Krishna goes to Myanmar to step up trade (Second Lead)

June 20th, 2011 - 6:32 pm ICT by IANS  

Barack Obama New Delhi, June 20 (IANS) In the first high level contact with the new government in Myanmar, External Affairs Minister S.M. Krishna Monday left on a three-day visit when he is tipped to sign bilateral deals.

Accompanied by Foreign Secretary Nirupama Rao, Krishna is visiting Myanmar, a country New Delhi sees as a close partner despite Western calls to shun it, at the invitation of his counterpart U Wunna Maung Lwin.

“The visit will give us an opportunity to further vitalise our multi-faceted relationship in the new political environment,” Krishna said in a statement.

“We will have an exchange of views on enhancing security cooperation as well as collaboration in connectivity, IT, energy, agriculture, power, telecommunications and infrastructure,” he said.

The minister said India and Myanmar were likely to sign a number of pacts to further strengthen bilateral cooperation.

A memorandum of understanding (MoU) may be signed to link India’s Manipur state directly to Tiddim in Chin state of Myanmar for better border trade.

India has also offered to cooperate with Myanmar on a trilateral highway to Thailand.

An agreement will be signed to set up Myanmar’s second industrial park with Indian help. India will also supply 100 computers to Myanmar’s land records department.

Krishna did not say if he would interact with the Myanmar military — or the jailed opposition leader Aung San Suu Kyi.

“I do not know if I will have a chance to interact with other leaders, depending on the availability of time at my disposal - because it will be a very brief stay in Myanmar.”

Krishna will stay in Yangon and the new capital Naypyidaw.

In July last year, the head of the previous military junta, Senior General Than Shwe, visited India.

“We have made considerable progress in implementing decisions and agreements emanating from that visit… We also propose to initiate a few new projects,” Krishna said.

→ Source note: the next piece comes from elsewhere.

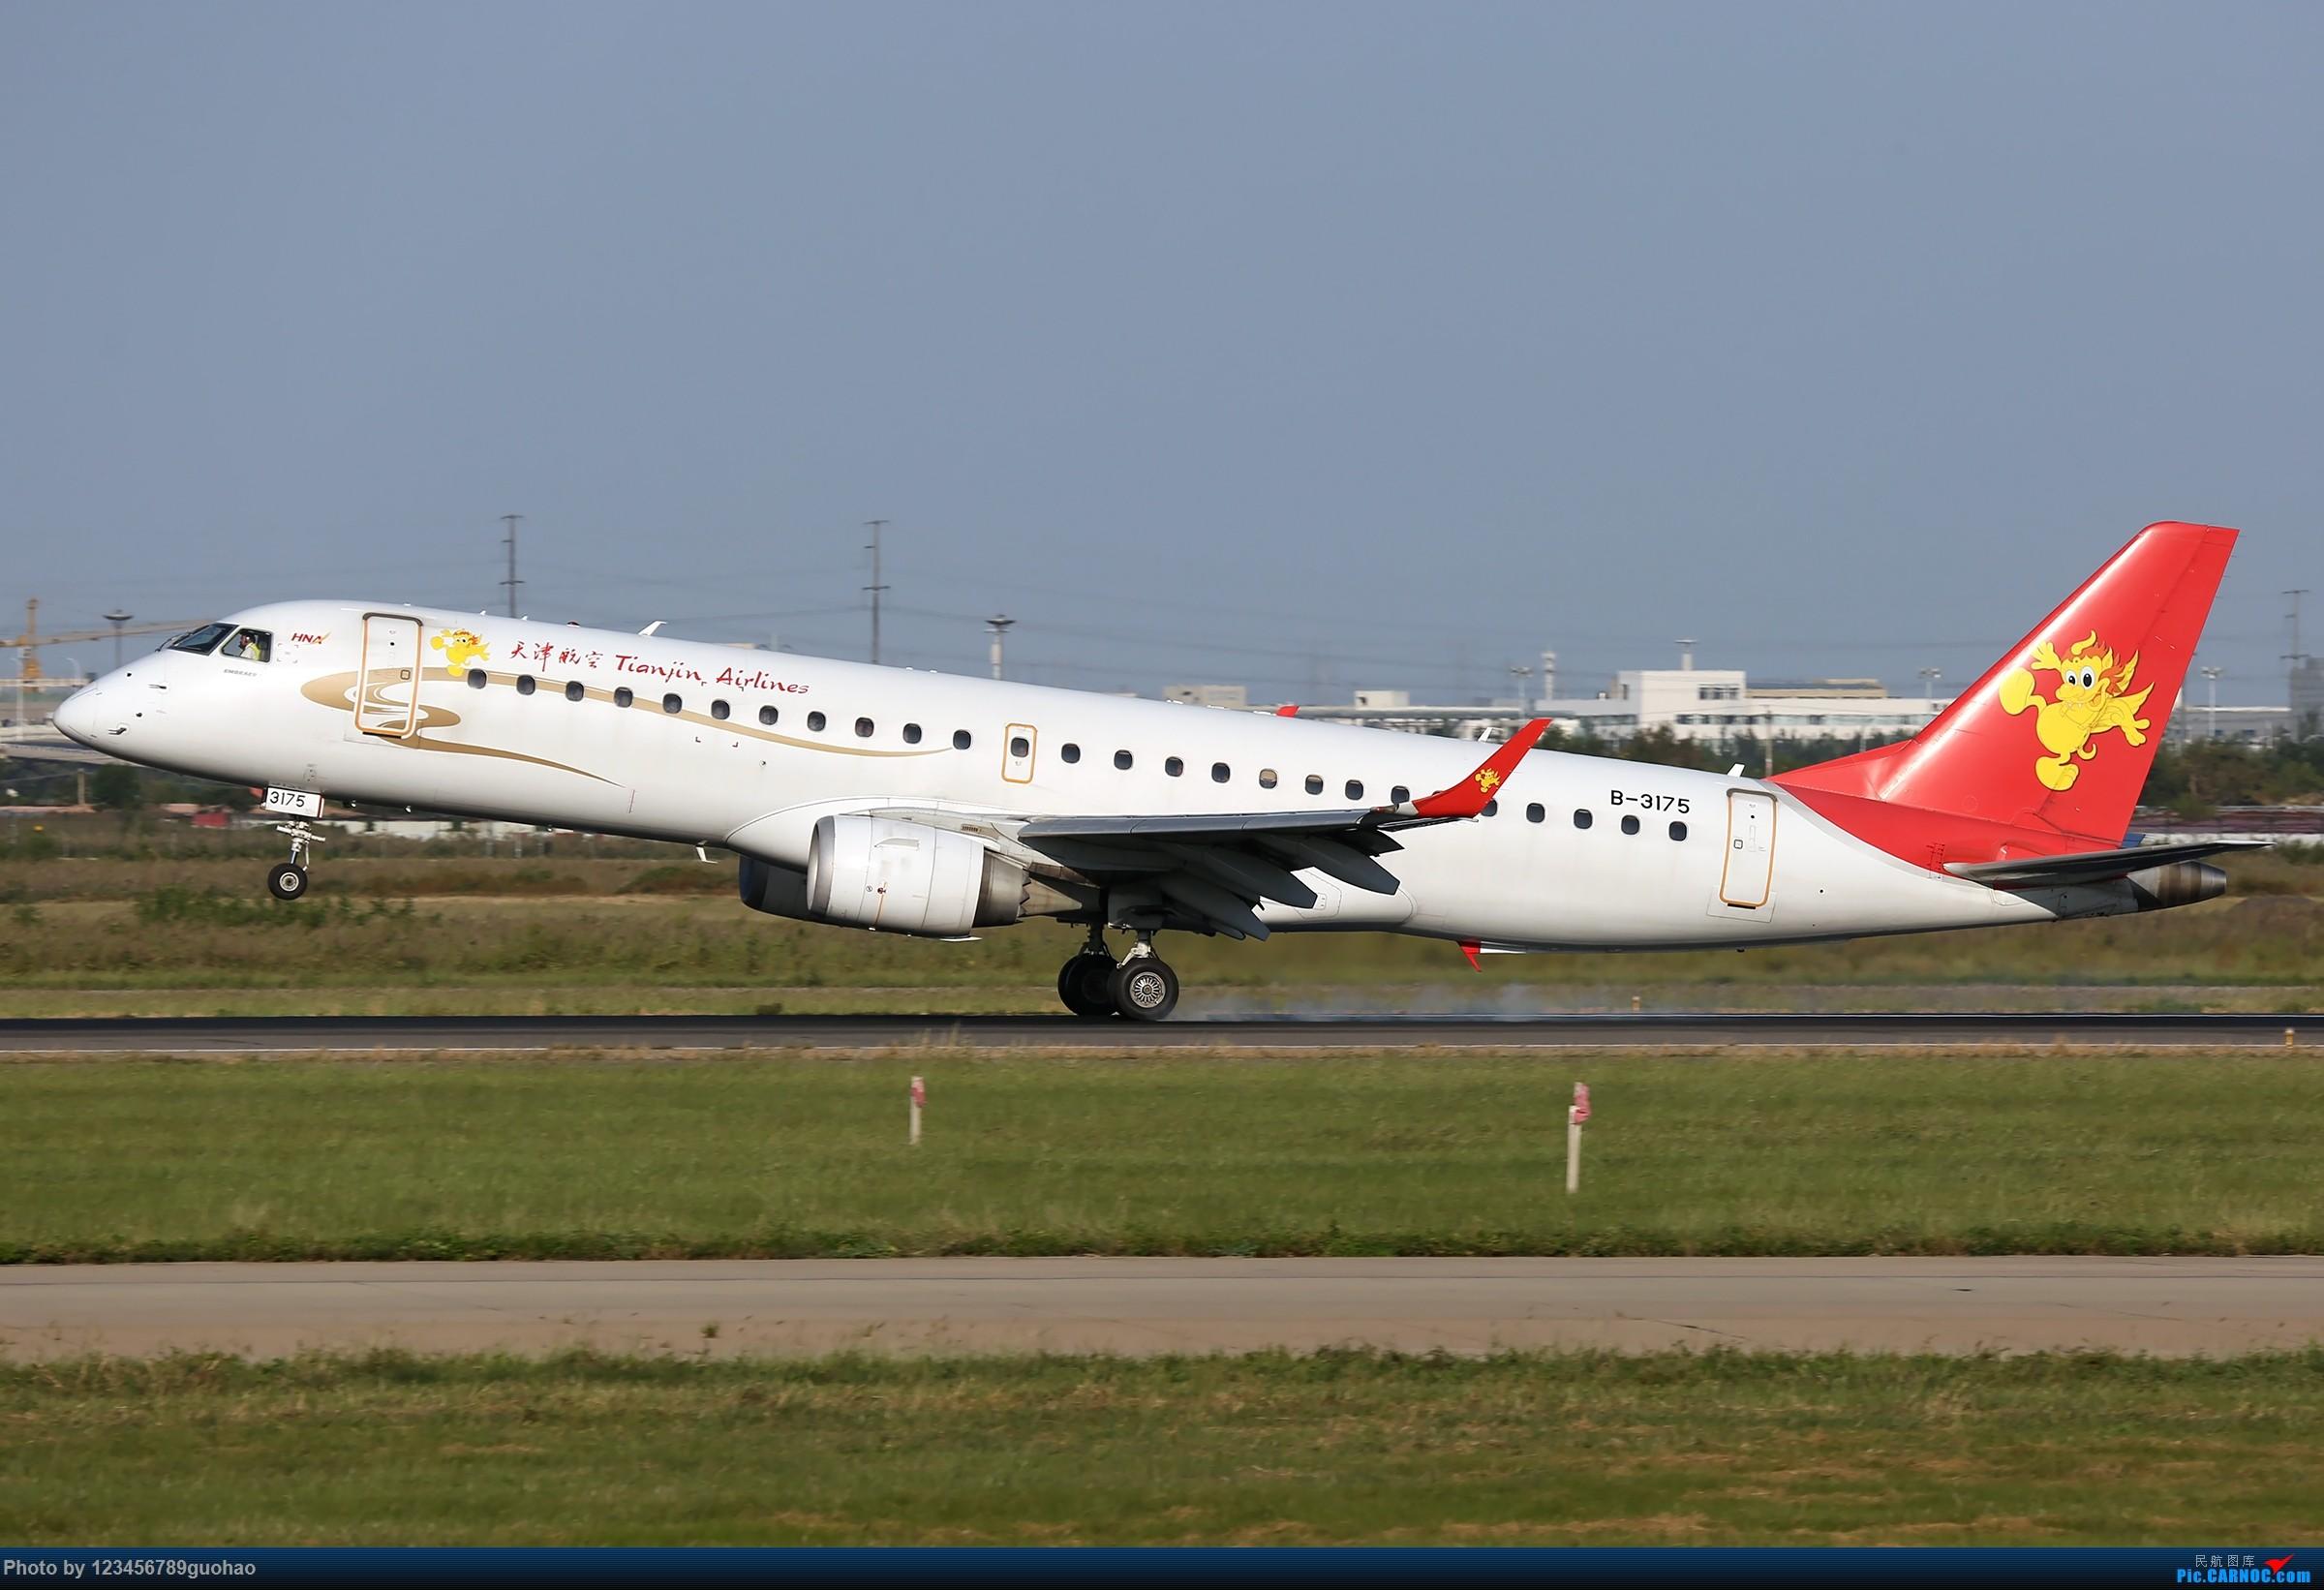 Re:[原创]TSN多图-后脚着地 EMBRAER E-190 B-3175 天津滨海国际机场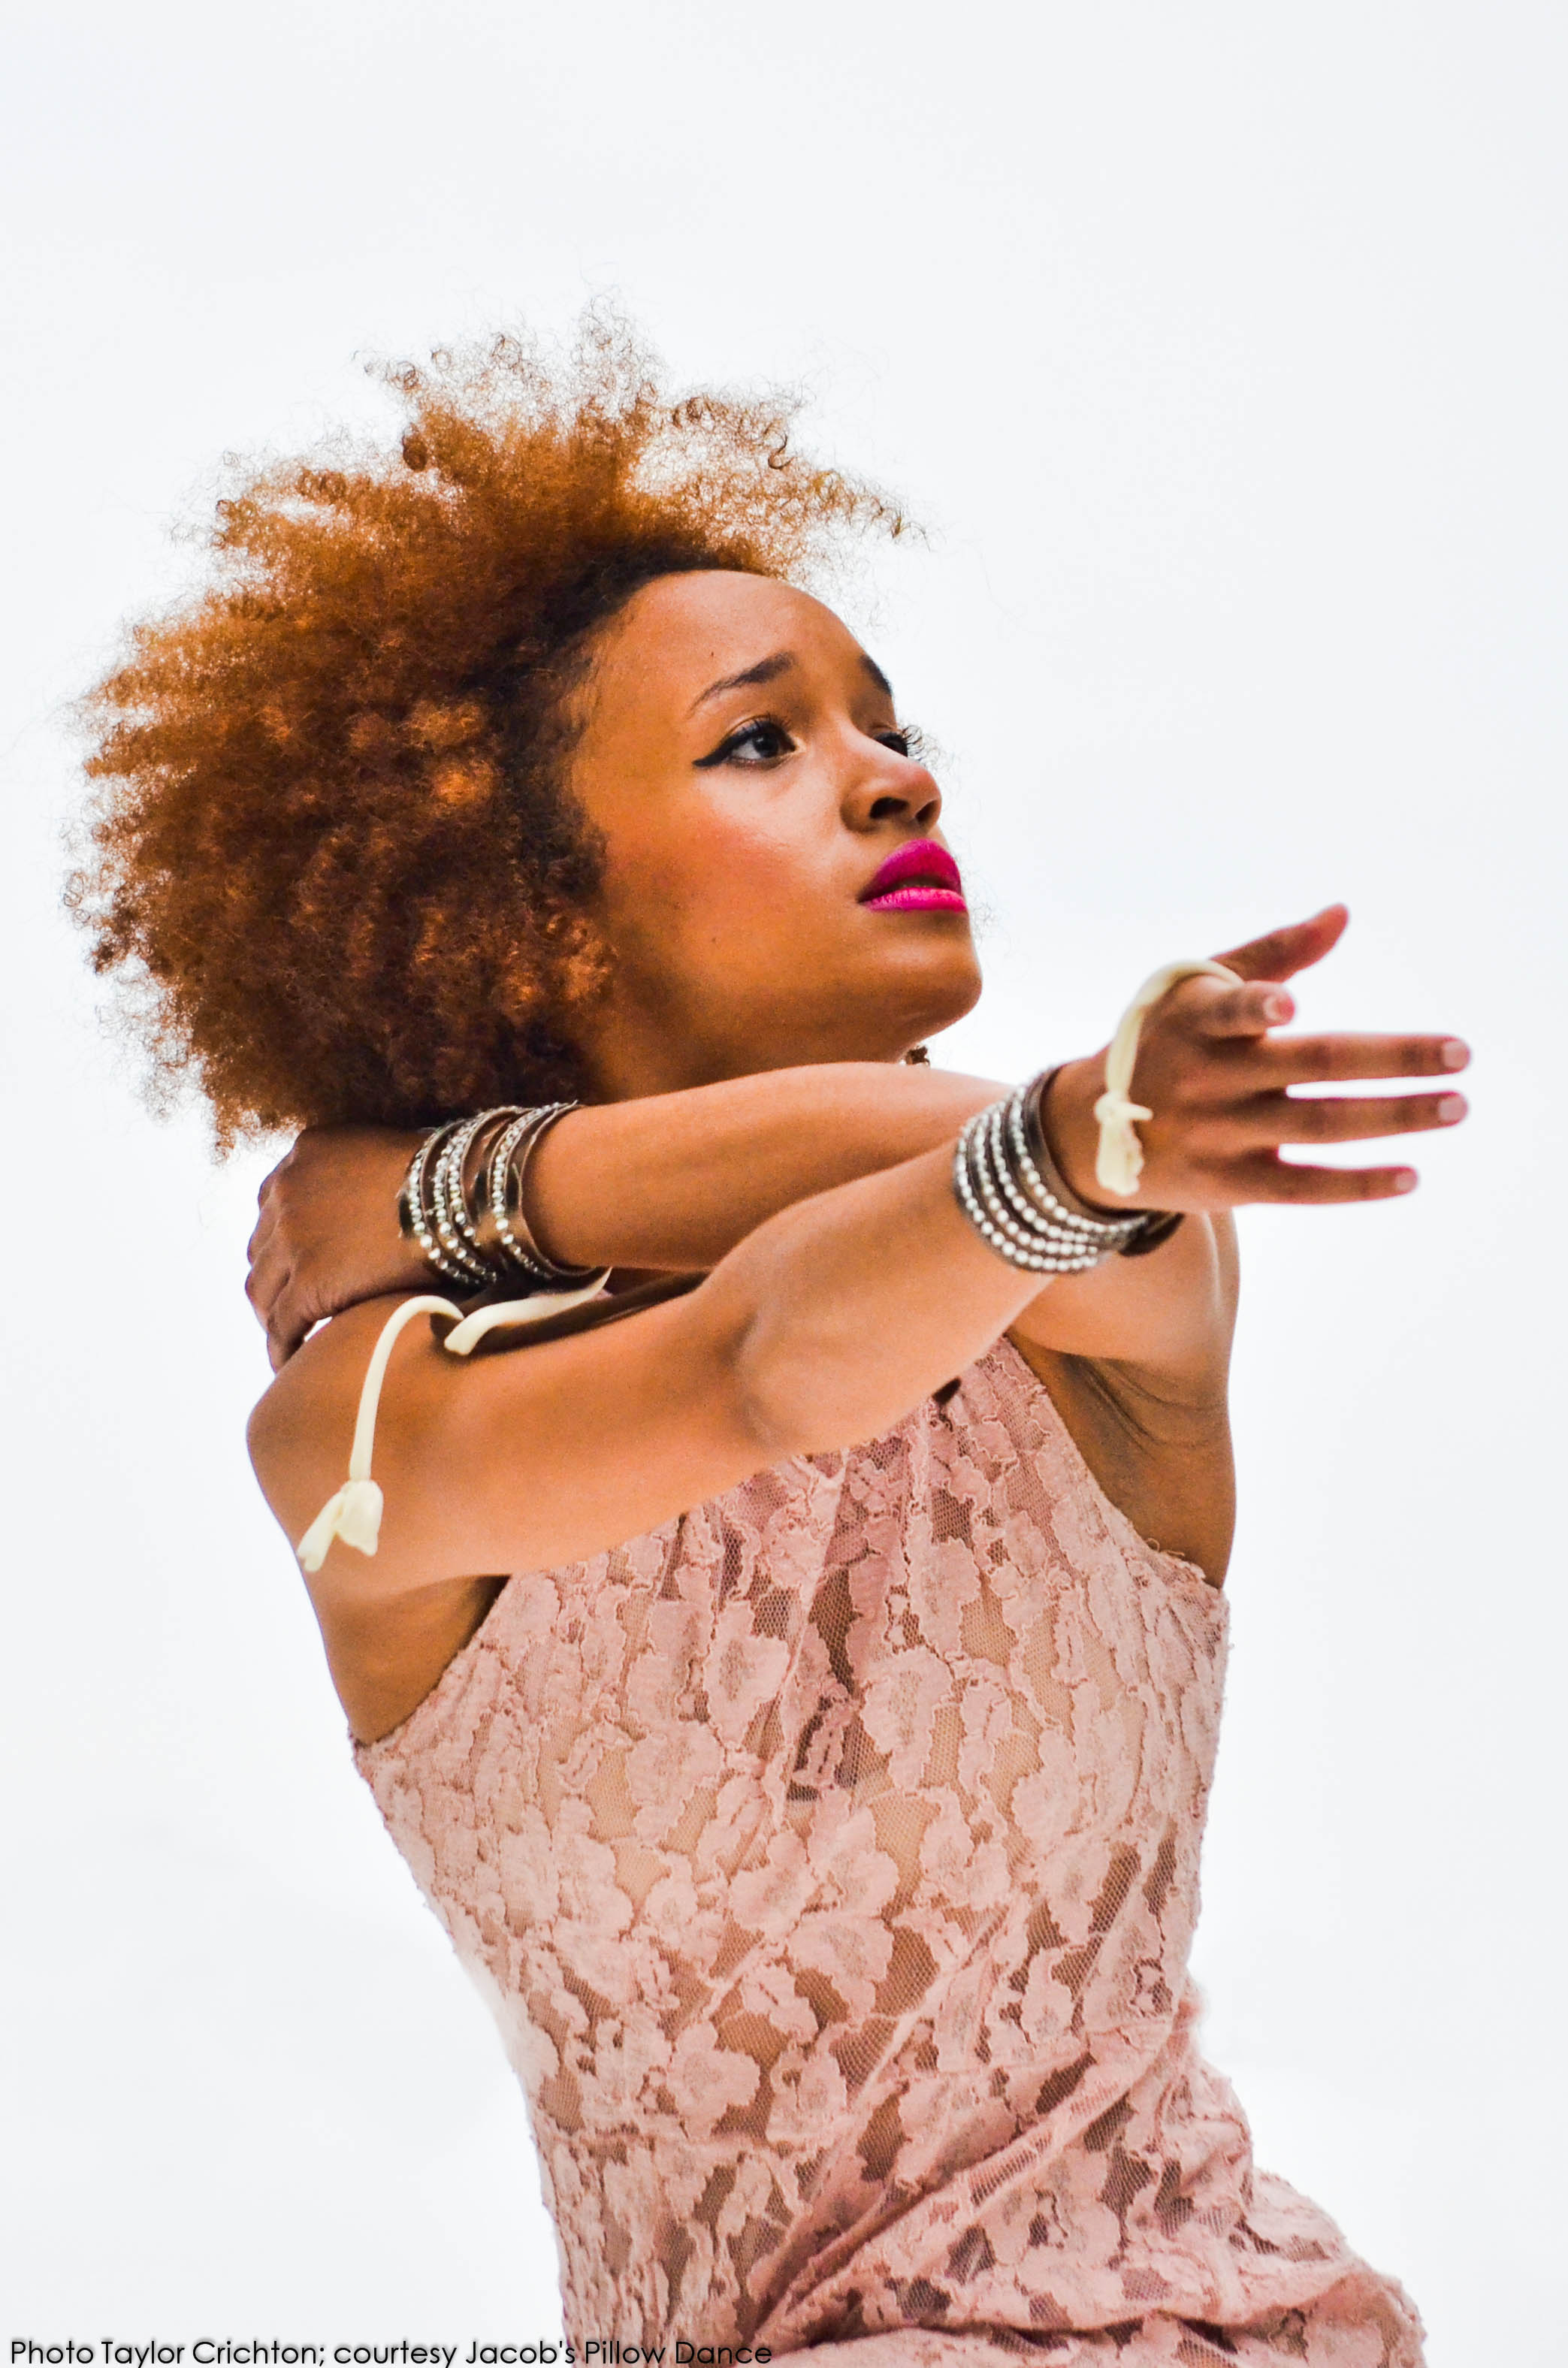 DanceSpora_InsideOut_2012TaylorCrichton_004.jpg

The foreign minister will inaugurate three of the 10 rice silos being set up with Indian assistance following a devastating cyclone three years ago.

India’s engagement with Myanmar continues despite Western leaders, including US President Barack Obama, criticising the relationship, citing the poor human rights record of the erstwhile military junta.

Indian officials say that isolating the junta only pushed it deeper into China’s arms. This New Delhi did not like.

Myanmar shares a 1,642-km winding and porous border with four northeastern states of India - Arunachal Pradesh, Nagaland, Mizoram and Manipur.